Cinque ore con Ronconi
per rompere il silenzio
Alle 17,30 il
"Candelaio" di Giordano Bruno riapre il vecchio teatro dopo
trentasette anni
MARIO DI CARO
L'incantesimo del teatro Bellini si rompe alle 17,30 quando Luca Ronconi darà
il via alla maratona del "Candelaio". Trentasette anni di cenere e
silenzio, seguiti all'incendio del '64, si dissolveranno lungo cinque ore di
spettacolo, in una lunga tirata che impegnerà lo spettatore fino a mezzanotte.

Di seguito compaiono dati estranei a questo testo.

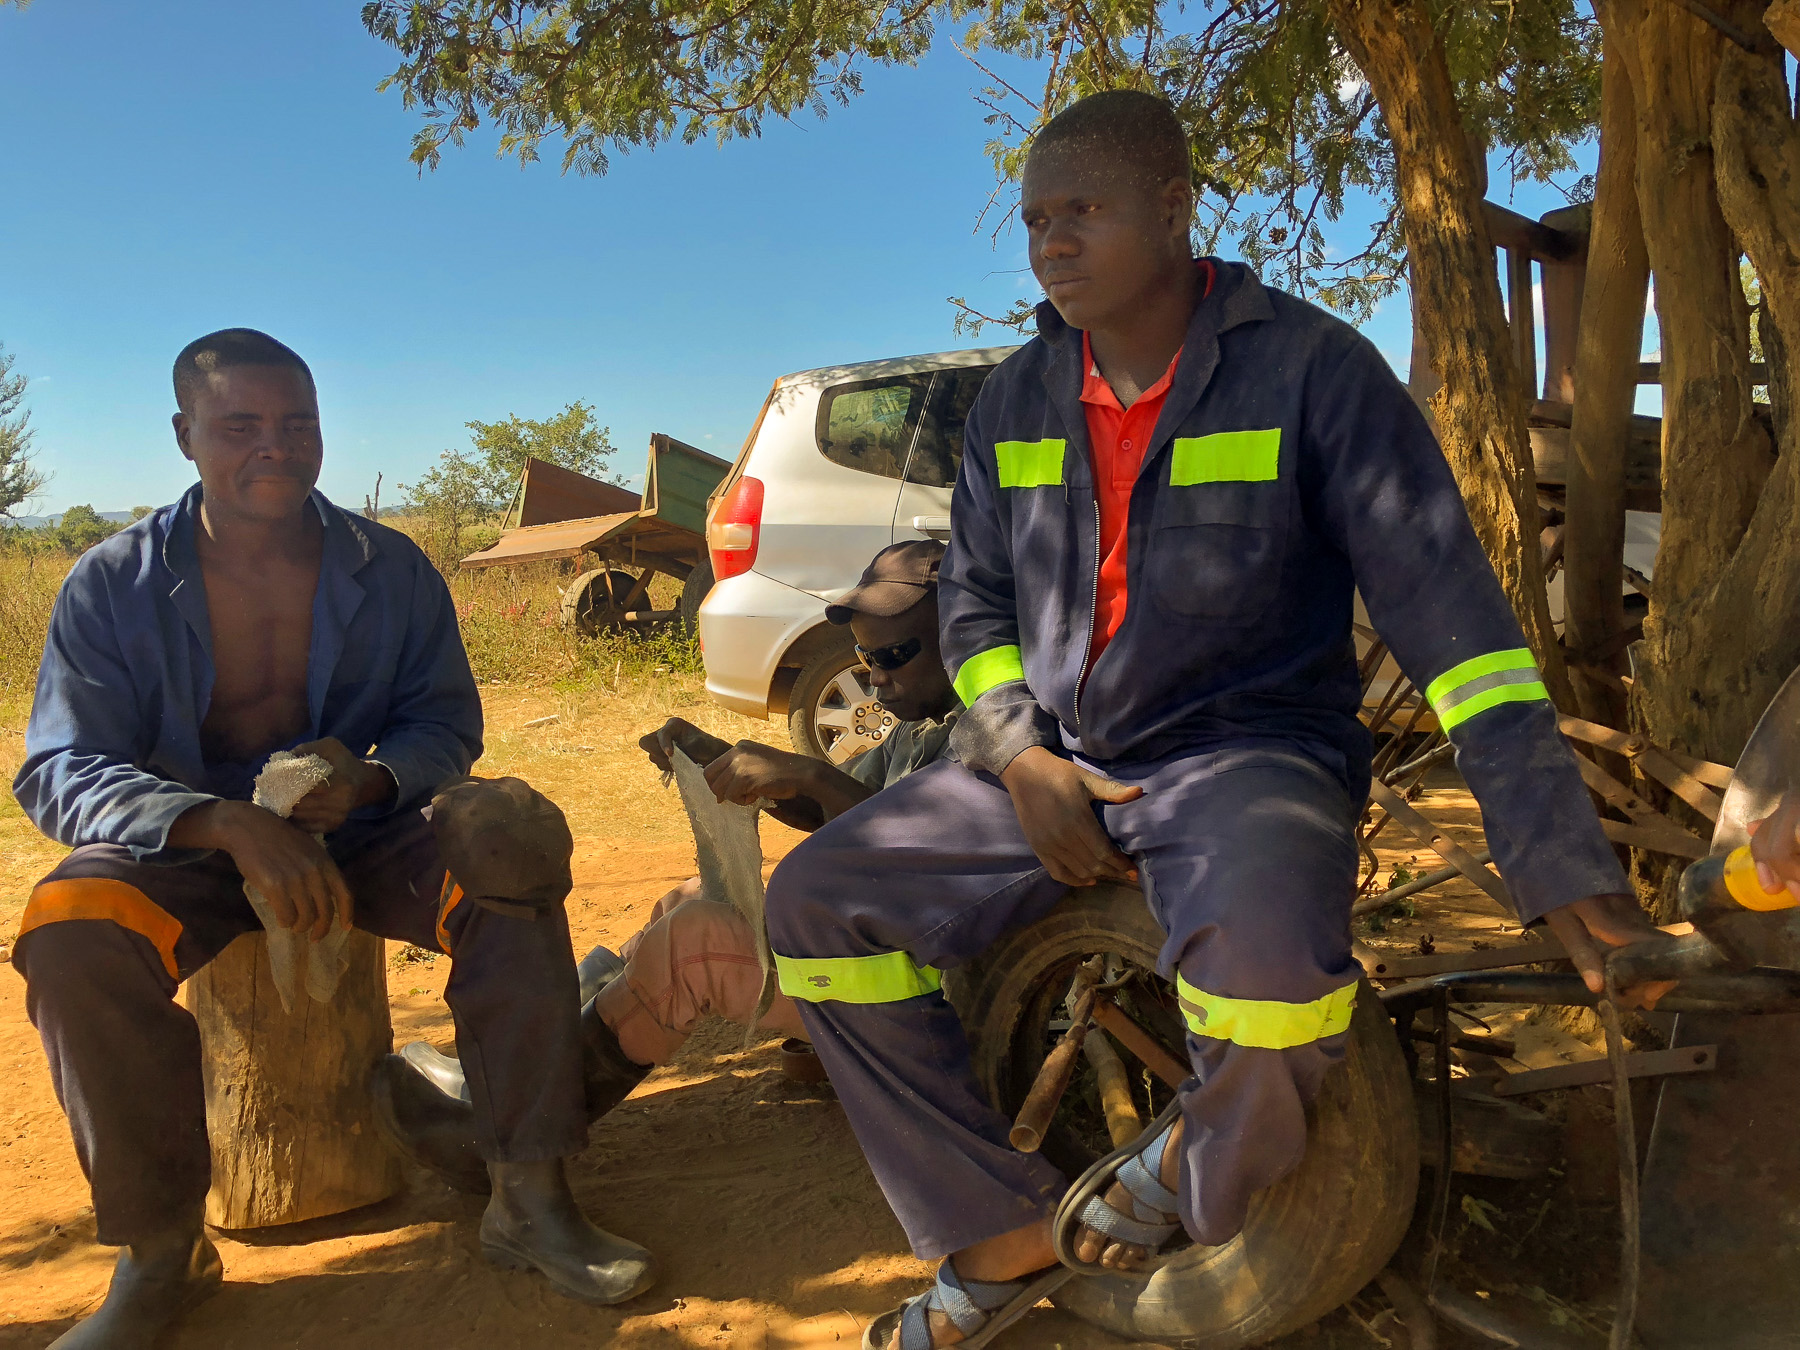 Masimba Mawire, 30, and Gift Chawara, 28, take a break from shelling and rest under a tree. The small car behind was bought by Chawara with his profits earned from the mechanization service business. (Photo: Matthew O’Leary/CIMMYT)

La prima parte, infatti, termina alle 20, dopo due ore e mezza filate; congruo
intervallo fino alle 21,30 per tirare il fiato e poi di nuovo in scena per altre
due ore e mezza circa. Quasi un risarcimento con gli interessi di questi
trentasette anni di buio. Insomma, da oggi il Bellini entra a far parte del club
dei teatri recuperati, se non nello splendore quanto meno nella fruizione,
assieme al Massimo, al Garibaldi, al Finocchiaro e al Santa Cecilia, gli altri
moschettieri dell'ex città proibita.
IL TEATRO. La data di nascita è 1726, col nome di teatro Santa Lucia, quella di
«morte» 1964, quando il Bellini, sotto la direzione di Franco Parenti, si
proponeva alla città come un laboratorio di esperienze. Dalla storia del
Bellini saltano fuori due chicche: la direzione artistica affidata a Donizetti,
nel 1825, e il debutto, nel 1854, del "Birraio di Preston", l'opera
che ispirò l'omonimo romanzo di Camilleri. La storia più recente, quella che
comincia dopo l'incendio e dopo l'apertura della pizzeria nell'ex foyer del
teatro, parla di varie serate simboliche, l'ultima delle quali è quella che nel
dicembre scorso vide proprio Luca Ronconi protagonista come lettore dei versi di
Dante, sorta di viatico per il debutto di oggi.
LA SCENA. La sorpresa maggiore sarà la pedana in legno allestita nella platea
del teatro, che porterà gli attori sotto il naso degli spettatori, sistemati
nei due ordini di palchetti. «Una scenografia pensata appositamente per il
Bellini - conferma Ronconi - affinché il pubblico sia il più vicino possibile
agli attori. È una struttura impervia, adatta a chi vuole fare una cura
dimagrante». E così gli attori, sbucheranno fuori da un complesso sistema di
botole che continuamente espelle e inghiotte personaggi, in un continuo gioco di
apri e chiudi che si annuncia come una delle trovate più stuzzicanti dello
spettacolo.
LA TRAMA. La commedia di Giordano Bruno è un groviglio di personaggi che si
muove in una società falsa e corrotta, quella della Napoli cinquecentesca, un
coro di eruditi e mascalzoni che corre appresso a burle, amori e tradimenti. C'è
messer Bonifacio che è sposato con Carubina ma è innamorato di Vittoria, a sua
volta corteggiata dal pittore Bernardo; c'è Manfurio, goffo cultore di latino
maccheronico, c'è Bartolomeo, alchimista dilettante che trasforma i metalli in
oro, e c'è il mago Scaramurè, a cui si affida Bonifacio per conquistare la
cortigiana Vittoria. I tre protagonisti saranno vittime di un gruppo di
imbroglioni, puniti per la colpa di essere ridicoli, anomali o superati. Ma la
cifra principale dello spettacolo resta il linguaggio che Ronconi non esita a
definire «violento, vicino in molti casi al turpiloquio ma senza mai scadere
nella volgarità». «Spero che si abbia la stessa piacevole sorpresa del "Pasticciaccio"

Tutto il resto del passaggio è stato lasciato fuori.